Saturday, February 25, 2012

Art criticism or art description?

Fortnightly, Sean O'Hagan explores photography, art, photojournalism and everything in between.

Following a round of gallery openings last Tuesday night and several rounds of cold beers last Friday with three well known and venerable painter friends I've been thinking about the business of art criticism. My painter friends and I agreed that so often these days art criticism has devolved into art description where the "critic" does nothing more than describe the work on the walls. Perhaps we've got to this point as gallerists have  become shop keepers and the art on the walls so often nothing more than expensive decoration.

This hasn't always been the case. Robert Hughes, one of my favorite critics,  told it like it was when when it came to dismissing the likes of Warhol, Schnabel, Basquiat, and Koons whom he saw as absurd charlatans. Hughes said of Schnabel, his work is to painting what Stallone's is to acting - a lurching display of oily pectorals. And David Hockney, he saw as the Cole Porter of painting.

Still mulling this over I kept running into artist friends who groaned to me about a show of photography by a young and recent Auckland art school graduate presented by a well known and reputable dealer gallery. I looked at the work on-line as was less than impressed. Then I read a "review", well description of the work and today set off to have a look in the flesh. In my view the work failed on every level. The work was overly derivative, rehashing borrowed concepts already milked dry and done better.  What's more, poorly seen, composed and constructed and the prints themselves were a technical nightmare with either over-saturated cyan or magenta. And the reviewer saw nothing, said nothing of this, but did comment on the mystery they found in the work. To my eye there was as much mystery here as in an Agatha Christie novel translated into Mandarin, with all the good bits taken out!

But relief is at hand. A regular dose of writing and observations from Sean O'Hagan,  the  guardian's photography writer is more than capable of lifting the spirits. You go can go there on this LINK.

And for a complete change of scene I always enjoy reading film reviews where the writers still are prepared to knee-cap a director for crap work. Here are a few choice examples.

BENEATH THE DARKNESS, New York Daily News, Reviewed by: Joe Neumaier, Jan 5, 2012, A dumb thriller starring Dennis Quaid as a weirdo mortician taunted by high school kids into revealing what he did with his wife and her lover years before - and look at the movies it rips off...

THE MEANS WAR, New York Post, Reviewed by: Lou Lumenick, Feb 14, 2012
Nearly totally laugh, chemistry and coherence free, this fiasco from the director of "Charlie's Angels: Full Throttle'' has a script whose sensible parts would fit on a napkin with enough room left over for the Gettysburg Address.

ONE FOR THE MONEY, Rolling Stone, Reviewed by: Peter Travers, Jan 27, 2012
Everything in One for the Money rings cringingly false, from Heigl's absurd Snooki accent to Plum's romance with Joe Morelli, an Italian cop, played by – faith and begorrah – Jason O'Mara.

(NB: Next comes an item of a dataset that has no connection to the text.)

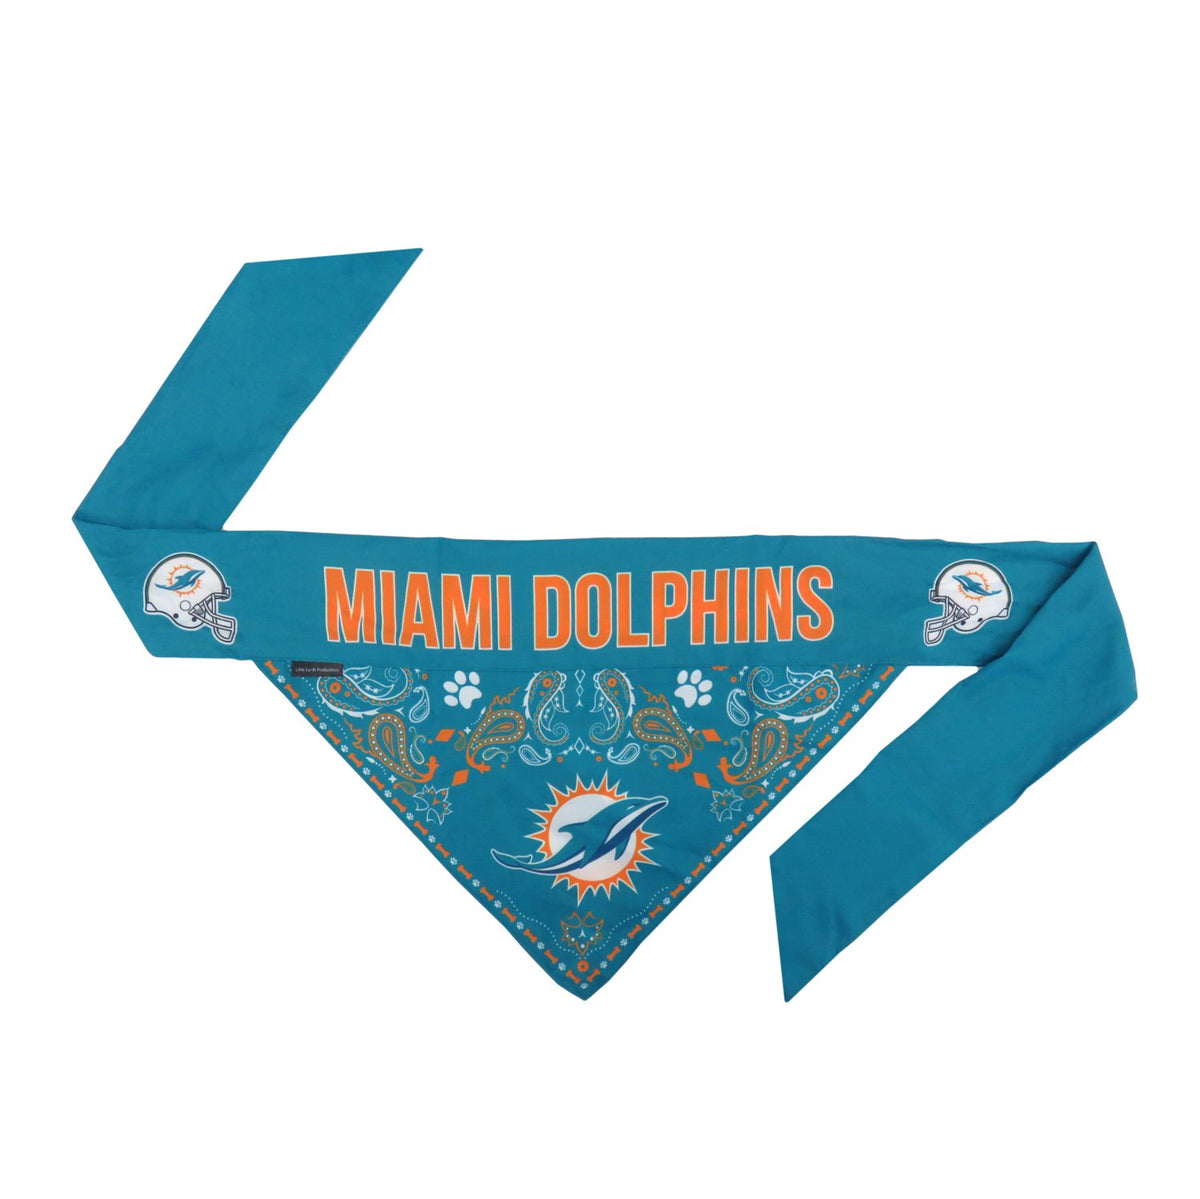 Miami Dolphins Reversible Bandana - 3 Red Rovers

To dismiss Julie Anne Robinson's direction as clueless would be a kindness.

THE DARKEST HOUR, Boxoffice Magazine, Reviewed by: David Ehrlich, Dec 28, 2011
The Darkest Hour isn't just a dark horse contender for the year's biggest joke, it's the darkest.

AFTER FALL WINTER, Time Out New York, Reviewed by: Nick Schager, Jan 24, 2012
While it may make the City of Light look beautiful, ultimately, this insufferable indie auteur's navel-gazer is just another faux-kinky vanity project in which its creator's neuroses are placed on an undeserved pedestal.